Records shown:
━━━━━━━━━━━━━━━━━━━━━━━━━━━━━━

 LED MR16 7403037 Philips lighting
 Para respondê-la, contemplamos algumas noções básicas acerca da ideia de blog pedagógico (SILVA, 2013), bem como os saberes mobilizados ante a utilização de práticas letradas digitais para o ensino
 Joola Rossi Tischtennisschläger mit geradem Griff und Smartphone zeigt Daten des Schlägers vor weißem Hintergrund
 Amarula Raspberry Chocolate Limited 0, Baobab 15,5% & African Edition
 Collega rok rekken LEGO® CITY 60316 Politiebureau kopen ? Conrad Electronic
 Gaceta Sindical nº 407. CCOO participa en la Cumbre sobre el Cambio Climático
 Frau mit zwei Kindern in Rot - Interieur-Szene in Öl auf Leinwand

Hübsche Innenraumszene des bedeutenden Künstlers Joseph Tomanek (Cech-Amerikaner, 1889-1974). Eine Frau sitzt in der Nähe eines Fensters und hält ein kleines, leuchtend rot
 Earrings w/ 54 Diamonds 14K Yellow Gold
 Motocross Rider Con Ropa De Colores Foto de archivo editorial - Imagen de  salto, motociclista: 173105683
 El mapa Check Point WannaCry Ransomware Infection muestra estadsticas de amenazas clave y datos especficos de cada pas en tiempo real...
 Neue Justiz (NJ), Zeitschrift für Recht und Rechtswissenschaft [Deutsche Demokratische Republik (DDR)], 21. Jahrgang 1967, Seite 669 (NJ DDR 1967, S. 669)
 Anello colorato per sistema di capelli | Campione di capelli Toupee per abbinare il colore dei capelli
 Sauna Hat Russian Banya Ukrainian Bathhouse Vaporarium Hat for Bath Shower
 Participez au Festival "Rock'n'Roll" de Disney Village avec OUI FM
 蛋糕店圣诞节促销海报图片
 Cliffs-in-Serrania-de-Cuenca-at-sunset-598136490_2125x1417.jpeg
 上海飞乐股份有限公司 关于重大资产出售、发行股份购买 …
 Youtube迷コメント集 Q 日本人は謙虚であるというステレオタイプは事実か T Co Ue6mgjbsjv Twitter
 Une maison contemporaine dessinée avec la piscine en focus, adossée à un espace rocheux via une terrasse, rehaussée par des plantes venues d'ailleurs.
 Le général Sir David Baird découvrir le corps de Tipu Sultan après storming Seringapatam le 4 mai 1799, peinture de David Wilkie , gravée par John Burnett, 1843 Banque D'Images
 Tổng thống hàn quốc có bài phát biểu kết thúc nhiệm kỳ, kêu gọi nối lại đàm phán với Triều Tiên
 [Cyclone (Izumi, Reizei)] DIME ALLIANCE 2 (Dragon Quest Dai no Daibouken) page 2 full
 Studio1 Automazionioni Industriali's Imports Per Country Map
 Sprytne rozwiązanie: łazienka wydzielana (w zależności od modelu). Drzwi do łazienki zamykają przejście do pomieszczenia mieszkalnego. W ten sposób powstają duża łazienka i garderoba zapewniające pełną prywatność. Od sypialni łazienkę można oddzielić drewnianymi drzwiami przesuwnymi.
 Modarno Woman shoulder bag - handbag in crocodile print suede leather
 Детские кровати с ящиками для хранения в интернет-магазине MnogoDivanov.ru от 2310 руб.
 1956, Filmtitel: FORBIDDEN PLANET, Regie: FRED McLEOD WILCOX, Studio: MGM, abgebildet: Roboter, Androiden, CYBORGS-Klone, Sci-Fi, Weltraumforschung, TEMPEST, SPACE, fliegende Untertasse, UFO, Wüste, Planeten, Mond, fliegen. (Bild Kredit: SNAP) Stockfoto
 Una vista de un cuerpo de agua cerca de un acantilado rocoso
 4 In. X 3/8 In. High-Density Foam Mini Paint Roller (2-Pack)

━━━━━━━━━━━━━━━━━━━━━━━━━━━━━━

Show every line of the listing containing the string "Frau" by copying it.

 Frau mit zwei Kindern in Rot - Interieur-Szene in Öl auf Leinwand
Hübsche Innenraumszene des bedeutenden Künstlers Joseph Tomanek (Cech-Amerikaner, 1889-1974). Eine Frau sitzt in der Nähe eines Fensters und hält ein kleines, leuchtend rot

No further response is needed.